De officier van justitie heeft gevorderd dat de rechtbank wettig en overtuigend bewezen zal verklaren dat verdachte de eerste en tweede cumulatief/alternatief ten laste gelegde feiten heeft begaan.
3.2 Het standpunt van de verdediging
De verdediging heeft betoogd dat verdachte bij gebreke van wettig en overtuigend bewijs dient te worden vrijgesproken. Primair is aangevoerd dat het rapport met betrekking tot de identificatie van een op een sieradenboekje aangetroffen dactyloscopisch spoor dient te worden uitgesloten van het bewijs. Subsidiair heeft de verdediging zich op het standpunt gesteld dat niet in voldoende mate kan worden uitgesloten dat het aangetroffen dactyloscopisch spoor afkomstig is van een eerdere, door verdachte in diezelfde woning gepleegde inbraak.
3.3 De beoordeling van de tenlastelegging1
De rechtbank gaat, gelet op de inhoud van het dossier en het verhandelde ter terechtzitting, uit van het volgende.

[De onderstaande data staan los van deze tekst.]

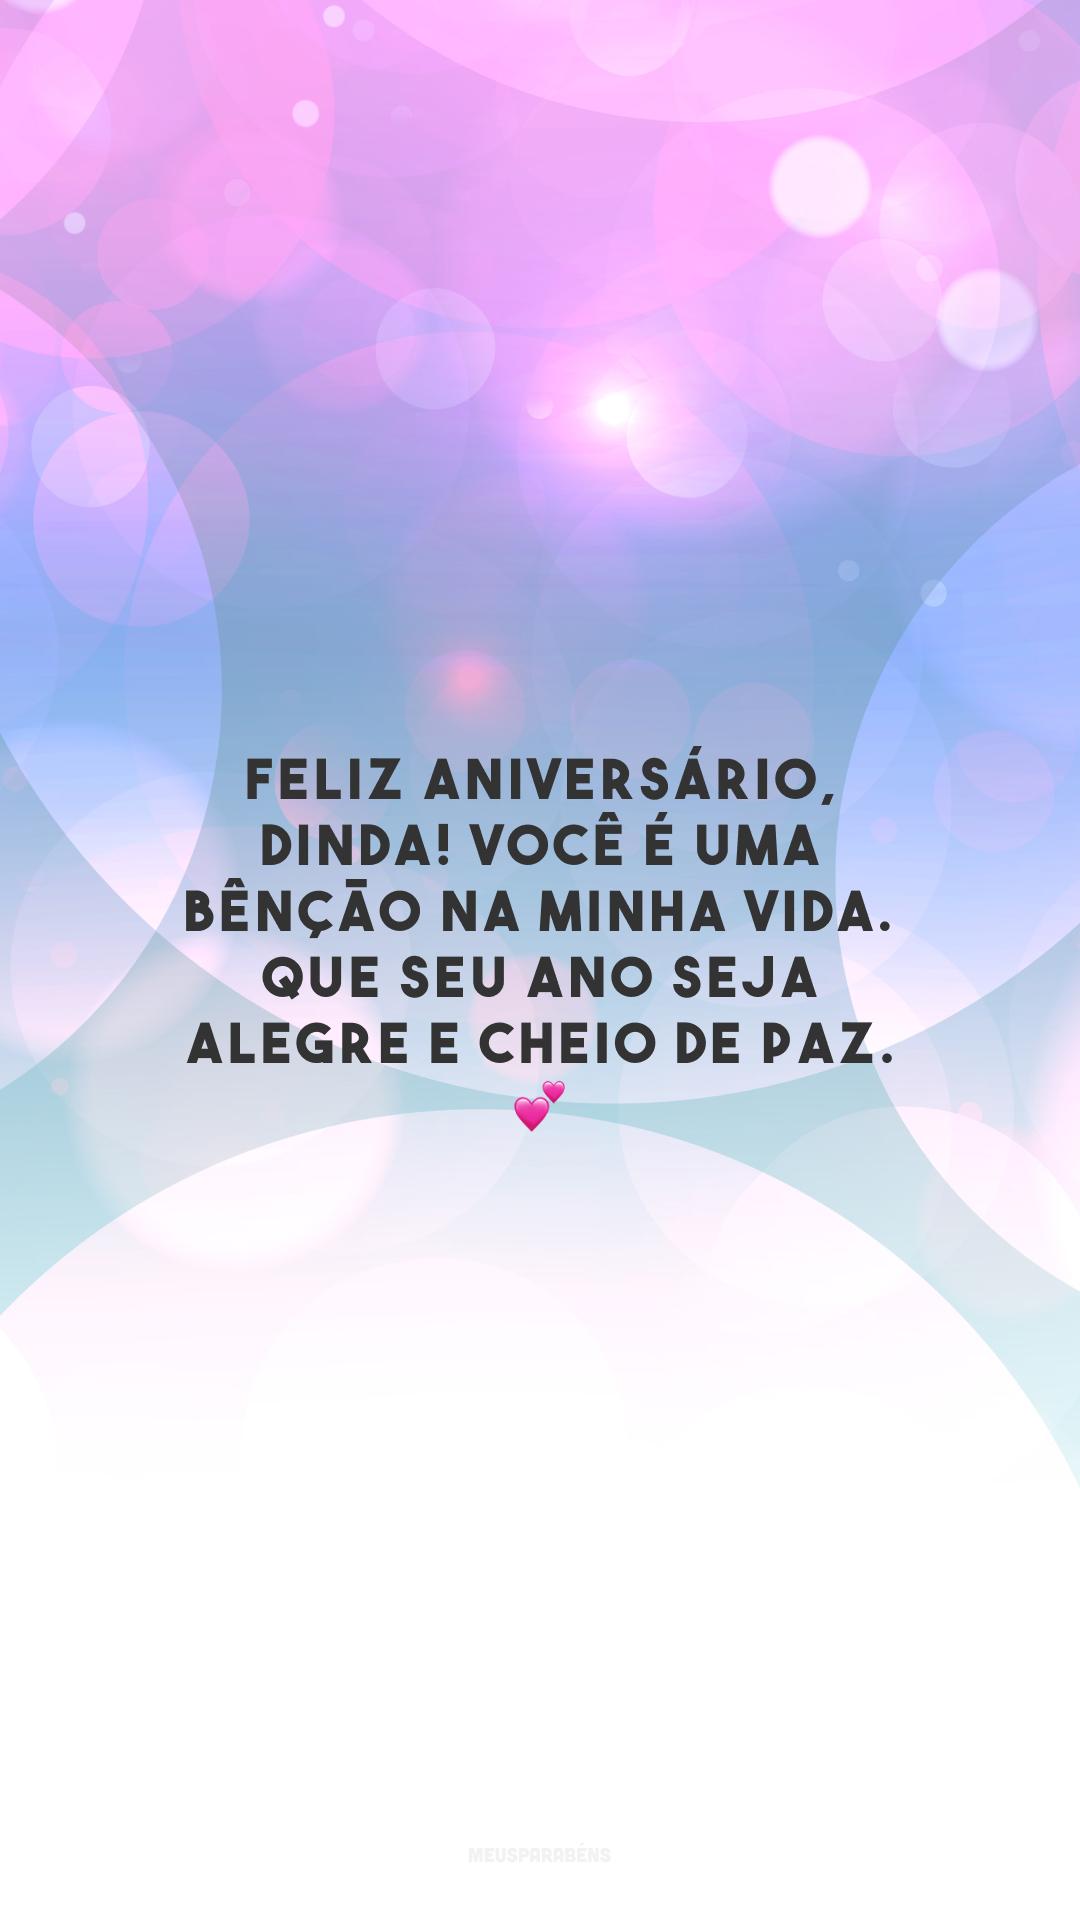 Feliz aniversário, dinda! Você é uma bênção na minha vida. Que seu ano seja alegre e cheio de paz. 💕

Aangever [A] heeft verklaard dat hij op 6 mei 2010 in zijn[adres]es] te Maasland tussen 01.30 uur en 01.40 uur, terwijl hij in bed lag, wakker werd gemaakt .2 Hij heeft verklaard dat hij drie mensen in de slaapkamer zag: één man bij het bed aan de kant van aangever, één bij de kant van zijn vrouw en één in de deuropening. De man aan de kant van aangever had een mes vast,3 hield deze steeds met een wisselende afstand van 10 tot 50 cm bij het gezicht van aangever en zwaaide er enigszins dreigend heen en weer mee.4 Deze man zei dat hij geld wilde zien en dat de aangever de kluis moest aanwijzen.5 Tevens hoorde de aangever de man zeggen: "Meelopen nu".6 Aangever heeft verklaard dat hij zijn portemonnee aan één van de mannen heeft gegeven. In de portemonnee zaten ongeveer € 150,- en 2 winkelpasjes.7 Nadat de mannen waren vertrokken, is gebleken dat lades in het kantoor en de keuken waren doorzocht. Hieruit was niets weggenomen.8
Getuige [B] heeft verklaard dat zij op 6 mei 2010 lag te slapen met haar man [A]. Omstreeks 01.30 uur werd zij wakker doordat zij stemmen hoorde. Zij merkte dat aan de kant van het bed waar haar man lag, een persoon stond. Zij hoorde dat die persoon tegen haar man sprak. Voorts zag zij een andere persoon aan het voeteneind van het bed staan.9 De persoon die aan de kant van haar man stond zei: "Waar is de kluis? Geld". Ze zag dat haar man de slaapkamer verliet. Even later hoorde ze van haar man dat hij de overvallers geld had moeten geven.10
Verbalisanten hebben op 6 mei 2010 omstreeks 9.00 uur gezien dat het bovenlicht aan de voorzijde van de woning aan de [adres] te Maasland was verbroken.11 Voorts hebben zij gezien dat het kantoor was doorzocht. Er lagen diverse goederen op een tafel in het kantoor die waren verplaatst, waaronder een boekje behorend bij een sieradendoosje. De verbalisanten hebben het boekje onderzocht op dactyloscopische sporen. Vervolgens hebben zij een aangetroffen dactyloscopisch spoor op het sieradenboekje verpakt, gewaarmerkt met nummer AACL6328NL,12 veiliggesteld en inbeslaggenomen.13 Het spoor is door twee onafhankelijke dactyloscopisch deskundigen geïdentificeerd op het overeenkomstige gedeelte van de rechtermiddelvinger, voorkomend op het dactyloscopische signalement ten name van verdachte. De identificatie betekent dat het spoor met nummer AACL6328NL identiek is aan een afdruk van de rechtermiddelvinger van verdachte.14
Uitsluiting bewijs
De verdediging heeft primair aangevoerd dat het rapport met betrekking tot de identificatie van een dactyloscopisch spoor dient te worden uitgesloten van het bewijs, nu de wijze waarop dit spoor is veiliggesteld en onderzocht slordig is gerelateerd. De raadsman heeft in dat verband aangevoerd dat
1. onduidelijk is of het dactyloscopisch spoor is aangetroffen op de verpakking van het sieradendoosje of op het sieradenboekje,
2. in het proces-verbaal sporenonderzoek staat vermeld dat op het sieradenboekje geen bruikbare dactyloscopische sporen zijn aangetroffen en
3. de opsteller van voornoemd rapport niet zelf het onderzoek heeft verricht, maar slechts heeft vermeld wat hij van anderen heeft vernomen.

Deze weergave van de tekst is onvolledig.